Categories: New Horizons Pluto
NASA Colorizes New Horizon’s Sharpest Images Of Pluto
NASA has released the best close-up color images of Pluto in human history, transmitted by its New Horizons spacecraft from 3 billion miles away.
The enhanced color mosaic are part of a sequence taken near New Horizons’ closest approach to Pluto, with resolutions of about 250-280 feet (77-85 meters) per pixel – revealing features smaller than half a city block on Pluto’s surface.
The images form a strip 50 miles (80 kilometers) wide, trending (top to bottom) from the edge of “badlands” northwest of the informally named Sputnik Planum, across the al-Idrisi mountains, onto the shoreline of Pluto’s “heart” feature, and just into its icy plains. They combine pictures from the telescopic Long Range Reconnaissance Imager (LORRI) taken approximately 15 minutes before New Horizons’ closest approach to Pluto, with – from a range of only 10,000 miles (17,000 kilometers) – with color data (in near-infrared, red and blue) gathered by the Ralph/Multispectral Visible Imaging Camera (MVIC) 25 minutes before the LORRI pictures.
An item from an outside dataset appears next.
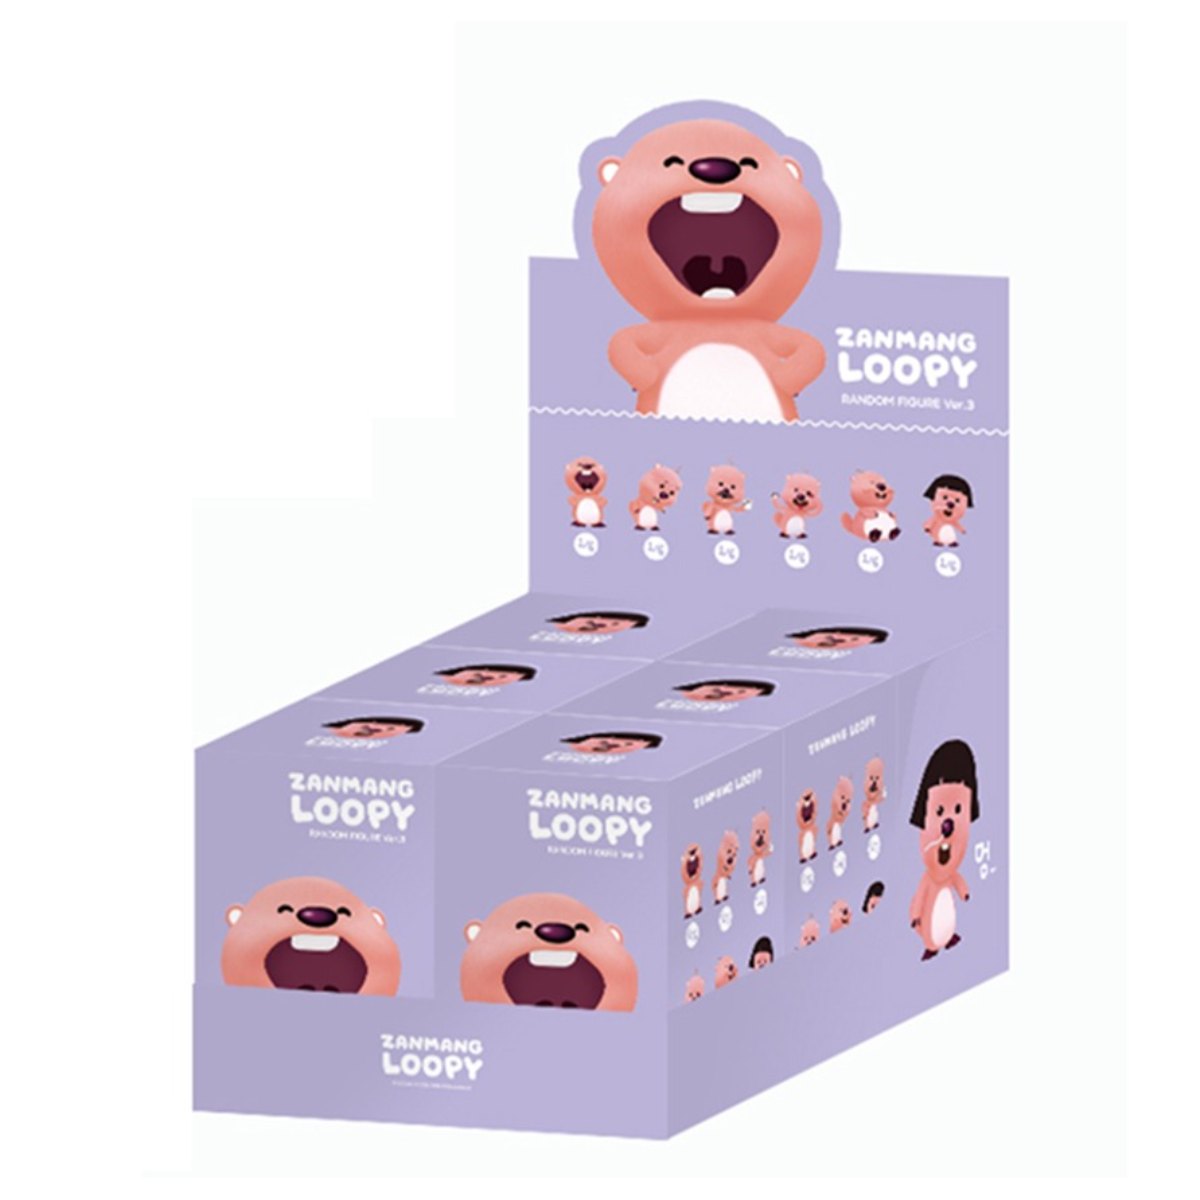 ZANMANG Loopy Ver. 3 Series-Single Box (Random)-Zanmang-Ace Cards & Collectibles

“These new images give us a breathtaking, super-high resolution window into Pluto’s geology,” said New Horizons Principal Investigator Alan Stern, of the Southwest Research Institute (SwRI) in Boulder, Colorado of the initial black-and-white images. “Nothing of this quality was available for Venus or Mars until decades after their first flybys; yet at Pluto we’re there already – down among the craters, mountains and ice fields – less than five months after flyby! The science we can do with these images is simply unbelievable.”